Es increíble, en vez de sentirse orgullosos de como nuestros atletas eran exitosos y ganando medallas gracias a sus grandes esfuerzos y preparaciones, aquí habían muchos y rogando, porque la corredora olímpica Marileidy perdiera la carrera en la que un espectador desaprensivo lanzara un objeto para que la afectara a ella o a otra atleta, mientras a su igual masculino, Gabriel Moronta, el matutino LD publicaba y de abusador, que ganaba “una inesperada” medalla de oro y como aviso para que nadie de los medios le entrevistara y tal  como en efecto ha sucedido.

Semejante actitud y comportamiento tan surrealista y para no decir una grosería, demostró la terrible crueldad y envidia y resentimiento y hasta odio hacia el triunfo ajeno que caracteriza a muchos dominicanos y quienes en estos casos, no perdonan que atletas de raza negra e hijos de pueblo y residentes en los barrios periféricos de las ciudades y provenientes de núcleos familiares compuestos por ciudadanos de a pie, pudieran ser ellos los grandes protagonistas de estos éxitos deportivos que deberían llenar de orgullo a toda la nación.

En realidad, la mayoría no se identifica con ninguno de estos atletas, los discriminan por raza y origen familiar y de tan equivocados, que solo se sienten a gusto cuando el atleta es de raza blanca y rubia y mucho mejor si el apellido “suena” a sajón, eslavo del norte de Europa y ni hablemos del comportamiento a lo bestia, de tantos que discriminan y hasta odian a los atletas de origen haitiano y para nada quieren entender  y este el gran mérito de los juegos panamericanos 2026, que los dominicanos hemos tenido que descubrir, que fuera de los dominicanos que aparecen en los medios de comunicación, hay muchos otros, millones, hijos de inmigraciones de 100 años atrás y la mayoría provenientes de Haití o de las islas Vírgenes y también de las Antillas orientales y ahora lo nuevo, de los hijos de inmigrantes dominicanos que abandonaron el país para la década de los años sesenta y ya para los noventa, la mayoría se habían nacionalizado de otros países y principalmente de EEUU  y veinte años después comenzaban a llegar los hijos y la mayoría acomplejados y drogadictos, pretendiendo que se les considerara más ciudadanos que los dominicanos que no han cambiado de nacionalidad.

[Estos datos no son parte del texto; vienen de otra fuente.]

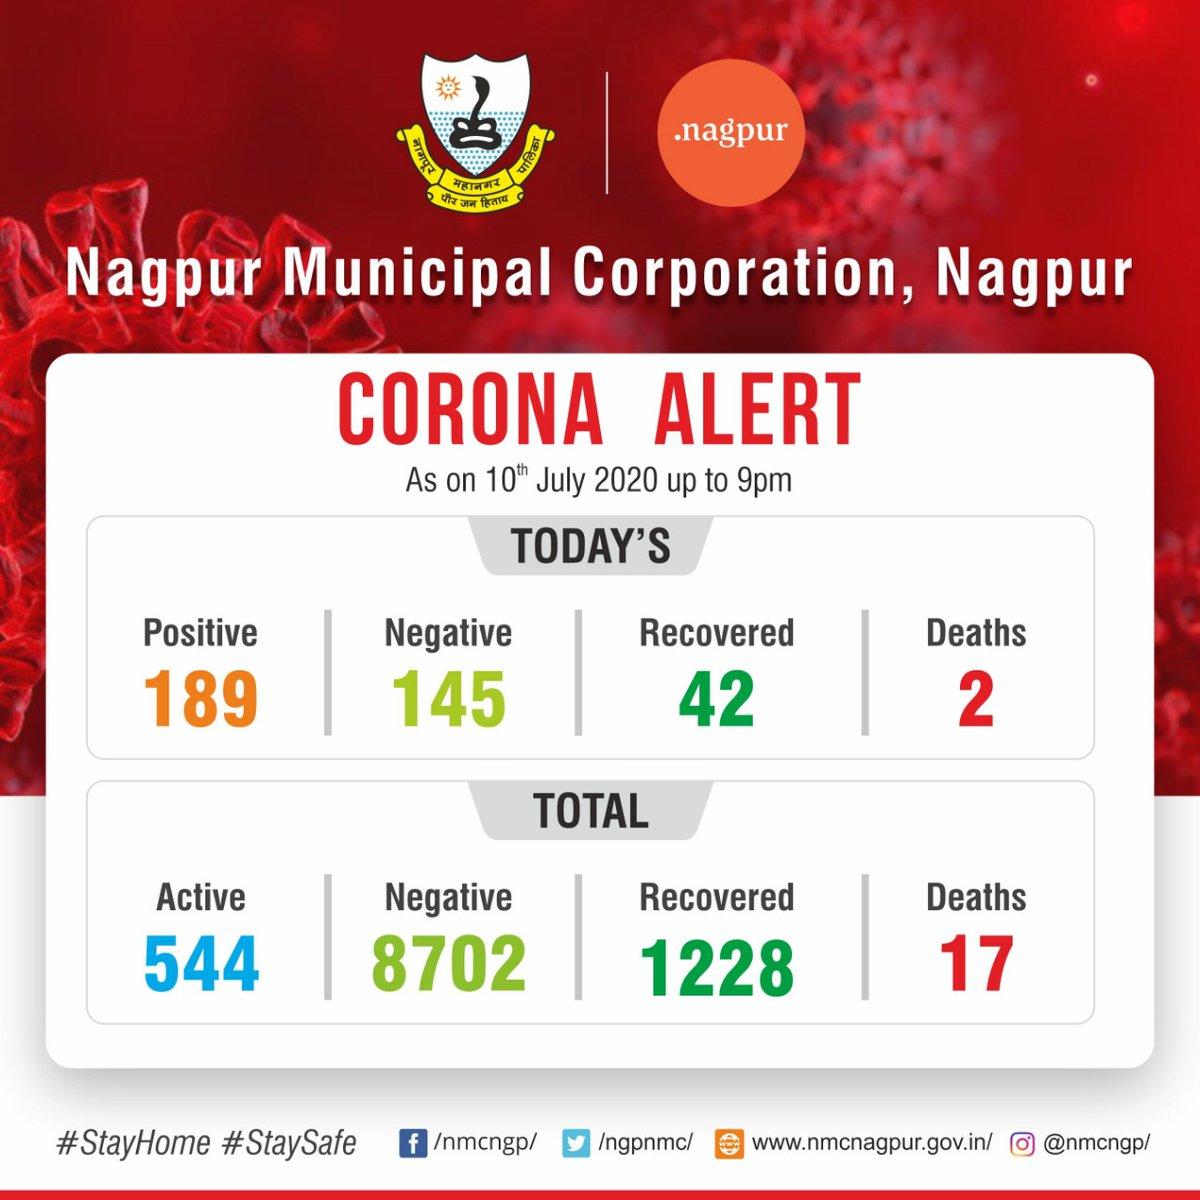 https://t.co/0uf1KfMjPL NMC #Covid_19 alert: zone-wise status update of the COVID19 cases as on 10 July 2020 #CoronaUpdatesInIndia #WarAgainstVirus #IndiaFightsCoronavirus https://t.co/kd4kzMNA5r

Y aquí la gran diferencia en las dos inmigraciones y nos referimos a la haitiana y a la estadounidense. La primera trata de adaptarse a las costumbres dominicanas y la mayoría lo consigue y sobre todo los que forman familias con dominicanos, pero los de origen estadounidense es un desastre, nos ven como inferiores y para colmos, entienden que nuestra nación debe desaparecer como país soberano e independiente y ser parte de EEUU como estado asociado.

Ese tipo de detalle, lo vivimos en las jornadas de los juegos panamericanos en materia de transmisión radial o televisiva, los narradores se esmeran al mencionar un atleta que tenga un apellido que les recuerde a cualquiera estadounidense y cuando se trata de un dominicano cuyo apellido les parece haitiano, hacen como que se confunden y al mismo tiempo, aprovechan para denostar a ese tipo de atleta más criollo y lo más significativo, que el “choque cultural” ocurre con narradores negros o mulatos. Chequéese el trato que se le dispensa a Marileidy (dos medallas de oro) y el que se le ofrece a Liranyi Alonso (cuatro medallas de oro) y para que se compruebe el trato desigual.

De esta forma, quienes llegamos a este tipo de observaciones, nos damos cuenta de que la mayoría de los dominicanos nacidos desde la mitad del 1961 en adelante, son un amplio grupo de ciudadanos sin formación de hogar, prejuiciados, enormemente racistas, vagabundos en el hablar y relajados en sus costumbres y por eso el dominicano de ahora es plebe, mal educado sin apego a la mínima moralidad y siempre lamentándose de “haber nacido aquí”.

Y todo esto es lo que tantos estamos viendo y comprobando en estos días de estos juegos y ni que decir, que todos sentimos vergüenza ajena por tales comportamientos tan alejados de la tradicional educación de hogar dominicana y que rigió a todos los nacidos entre los años 1915 al 1955 principalmente.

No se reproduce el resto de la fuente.